- **Required work**
Below are entries; output exactly the lines from the one with "ELCO Serviettes tissue" to the one with "<p><strong>Пон", both included, and nothing else.

- **Recorded data**
⟨

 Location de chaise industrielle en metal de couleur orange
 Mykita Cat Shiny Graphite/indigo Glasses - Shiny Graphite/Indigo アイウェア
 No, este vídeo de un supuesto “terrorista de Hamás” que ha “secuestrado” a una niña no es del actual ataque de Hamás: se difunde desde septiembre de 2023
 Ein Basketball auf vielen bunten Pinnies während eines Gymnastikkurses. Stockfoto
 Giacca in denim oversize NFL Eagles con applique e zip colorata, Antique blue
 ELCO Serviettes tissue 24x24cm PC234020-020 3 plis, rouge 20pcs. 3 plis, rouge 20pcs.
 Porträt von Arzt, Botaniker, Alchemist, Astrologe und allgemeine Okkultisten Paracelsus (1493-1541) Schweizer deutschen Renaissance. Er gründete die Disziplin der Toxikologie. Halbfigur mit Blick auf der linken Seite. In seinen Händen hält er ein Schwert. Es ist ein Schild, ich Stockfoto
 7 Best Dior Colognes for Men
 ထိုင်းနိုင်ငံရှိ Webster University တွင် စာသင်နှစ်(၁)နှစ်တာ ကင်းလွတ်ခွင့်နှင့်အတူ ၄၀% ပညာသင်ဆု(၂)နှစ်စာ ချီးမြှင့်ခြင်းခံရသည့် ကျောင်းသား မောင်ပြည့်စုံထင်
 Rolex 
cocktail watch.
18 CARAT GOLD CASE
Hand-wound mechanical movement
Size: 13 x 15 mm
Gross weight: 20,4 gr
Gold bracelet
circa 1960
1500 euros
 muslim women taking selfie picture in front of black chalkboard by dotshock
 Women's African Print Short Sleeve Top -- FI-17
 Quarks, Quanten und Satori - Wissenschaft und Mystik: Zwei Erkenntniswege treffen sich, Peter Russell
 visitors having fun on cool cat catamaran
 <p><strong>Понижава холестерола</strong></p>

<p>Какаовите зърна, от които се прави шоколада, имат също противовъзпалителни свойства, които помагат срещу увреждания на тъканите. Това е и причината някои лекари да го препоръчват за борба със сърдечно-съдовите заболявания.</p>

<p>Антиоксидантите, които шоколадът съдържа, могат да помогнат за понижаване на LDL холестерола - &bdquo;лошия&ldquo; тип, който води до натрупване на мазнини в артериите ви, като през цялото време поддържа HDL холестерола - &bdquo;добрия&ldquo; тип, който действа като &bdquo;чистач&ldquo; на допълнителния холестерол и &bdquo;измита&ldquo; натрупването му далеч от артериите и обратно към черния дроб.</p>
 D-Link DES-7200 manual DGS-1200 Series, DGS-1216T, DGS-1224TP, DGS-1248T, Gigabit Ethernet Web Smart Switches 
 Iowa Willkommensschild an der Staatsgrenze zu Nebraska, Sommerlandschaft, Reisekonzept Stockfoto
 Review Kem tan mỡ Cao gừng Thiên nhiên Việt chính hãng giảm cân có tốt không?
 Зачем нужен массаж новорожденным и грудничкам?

⟩

- **Problem solution**
 ELCO Serviettes tissue 24x24cm PC234020-020 3 plis, rouge 20pcs. 3 plis, rouge 20pcs.
 Porträt von Arzt, Botaniker, Alchemist, Astrologe und allgemeine Okkultisten Paracelsus (1493-1541) Schweizer deutschen Renaissance. Er gründete die Disziplin der Toxikologie. Halbfigur mit Blick auf der linken Seite. In seinen Händen hält er ein Schwert. Es ist ein Schild, ich Stockfoto
 7 Best Dior Colognes for Men
 ထိုင်းနိုင်ငံရှိ Webster University တွင် စာသင်နှစ်(၁)နှစ်တာ ကင်းလွတ်ခွင့်နှင့်အတူ ၄၀% ပညာသင်ဆု(၂)နှစ်စာ ချီးမြှင့်ခြင်းခံရသည့် ကျောင်းသား မောင်ပြည့်စုံထင်
 Rolex 
cocktail watch.
18 CARAT GOLD CASE
Hand-wound mechanical movement
Size: 13 x 15 mm
Gross weight: 20,4 gr
Gold bracelet
circa 1960
1500 euros
 muslim women taking selfie picture in front of black chalkboard by dotshock
 Women's African Print Short Sleeve Top -- FI-17
 Quarks, Quanten und Satori - Wissenschaft und Mystik: Zwei Erkenntniswege treffen sich, Peter Russell
 visitors having fun on cool cat catamaran
 <p><strong>Понижава холестерола</strong></p>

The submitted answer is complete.